South Africa says it has been 'punished' rather than 'applauded' for detecting the new Omicron variant

South Africa says it has been 'punished' rather than 'applauded' for detecting the new Omicron variant
A passenger looks at an electronic flight notice board displaying cancelled flights at Tambo International Airport in Johannesburg on November 27, 2021, after several countries banned flights from South Africa following the discovery of a new coronavirus variant Omicron.Phill Magakoe/Getty Images
  • South Africa said it is being punished for detecting the new coronavirus variant Omicron.
  • The US, UK, and Europe have introduced travel restrictions on southern African countries.

South Africa complained that it was being punished for detecting the new coronavirus strain Omicron after worldwide travel restrictions on flights from southern Africa were hurriedly introduced.

"Excellent science should be applauded and not punished," the South African foreign ministry said in a statement on Saturday, reported the BBC.

"This latest round of travel bans is akin to punishing South Africa for its advanced genomic sequencing and the ability to detect new variants quicker, it said.

The World Health Organization labeled Omicron a coronavirus "variant of concern" on Friday.

Researchers in South Africa detected the first known case on November 9 and reported the variant to the WHO on November 24.


South Africa has some of the world's top epidemiologists and scientists, who have detected emerging coronavirus variants early in their life cycle, Reuters said.

Over the weekend, several countries announced travel restrictions for travelers coming from southern African countries, including South Africa, Angola, Botswana, Eswatini, Lesotho, Namibia, the Seychelles, Malawi, Mozambique, and Zimbabwe.

The US said it would restrict travel from the region, and European Union member states have also planned to ban flights from southern African countries.

The UK, Canada, and Australia have also introduced restrictions.

South African officials claimed that the country was facing unfair discrimination.

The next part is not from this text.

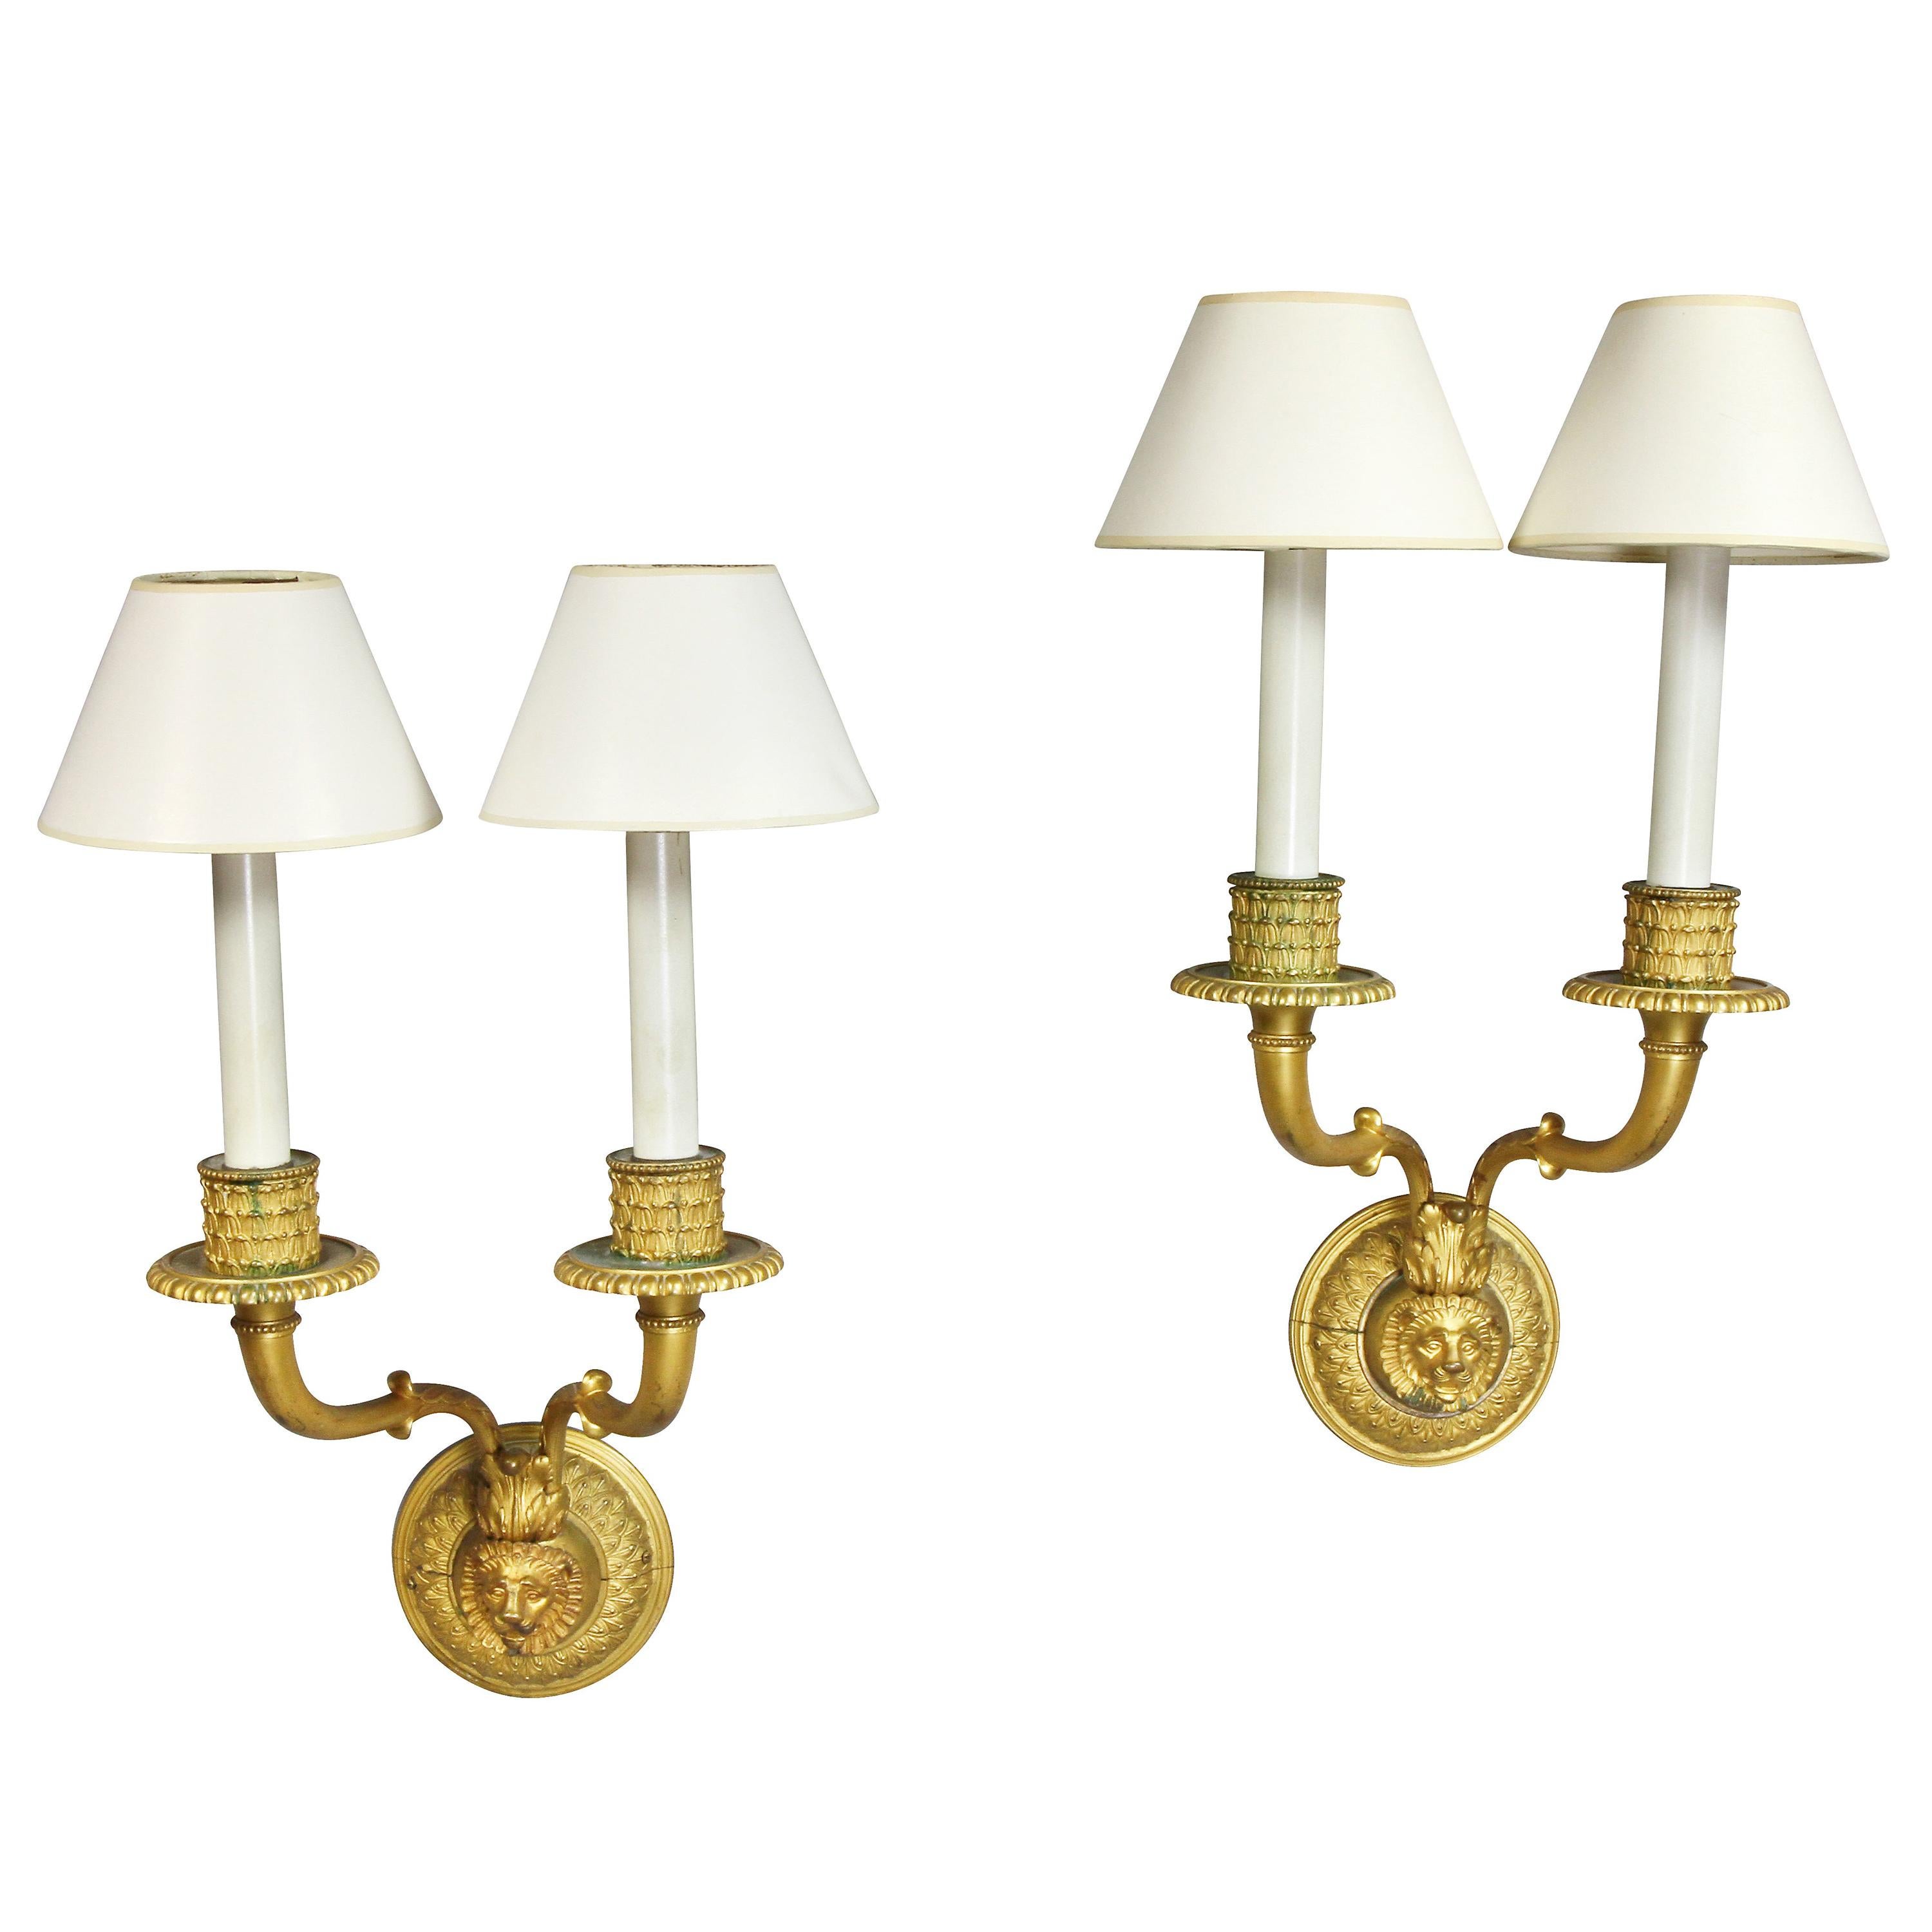 Pair of Neoclassic Style Gilt Bronze Wall Lights

"The world should provide support to South Africa and Africa and not discriminate or isolate it," Professor Tulio de Oliveira, the director of the Centre for Epidemic Response and Innovation, said in a series of tweets.

"We have been very transparent with scientific information. We identified, made data public, and raised the alarm as the infections are just increasing. We did this to protect our country and the world in spite potentially suffering massive discrimination," said Prof. de Oliveira.

The government also questioned the travel bans, as the Omicron variant has already been detected in Europe and Asia.

In a press conference on Friday, health minister Joe Phaahla said: "The same countries that are enacting this kind of knee-jerk, draconian reaction are battling their own waves."

On Friday, the WHO cautioned countries against hastily imposing travel restrictions linked to the variant, saying they should take a "risk-based and scientific approach."


The new travel bans came when South Africa hoped to revitalize its tourism industry after a pandemic slump.

"Our immediate concern is the damage that these restrictions are causing to families, the travel and tourism industries and business," South African minister Naledi Pandor said in a statement.

The country said it had already started engaging countries that have imposed travel bans to persuade them to reconsider.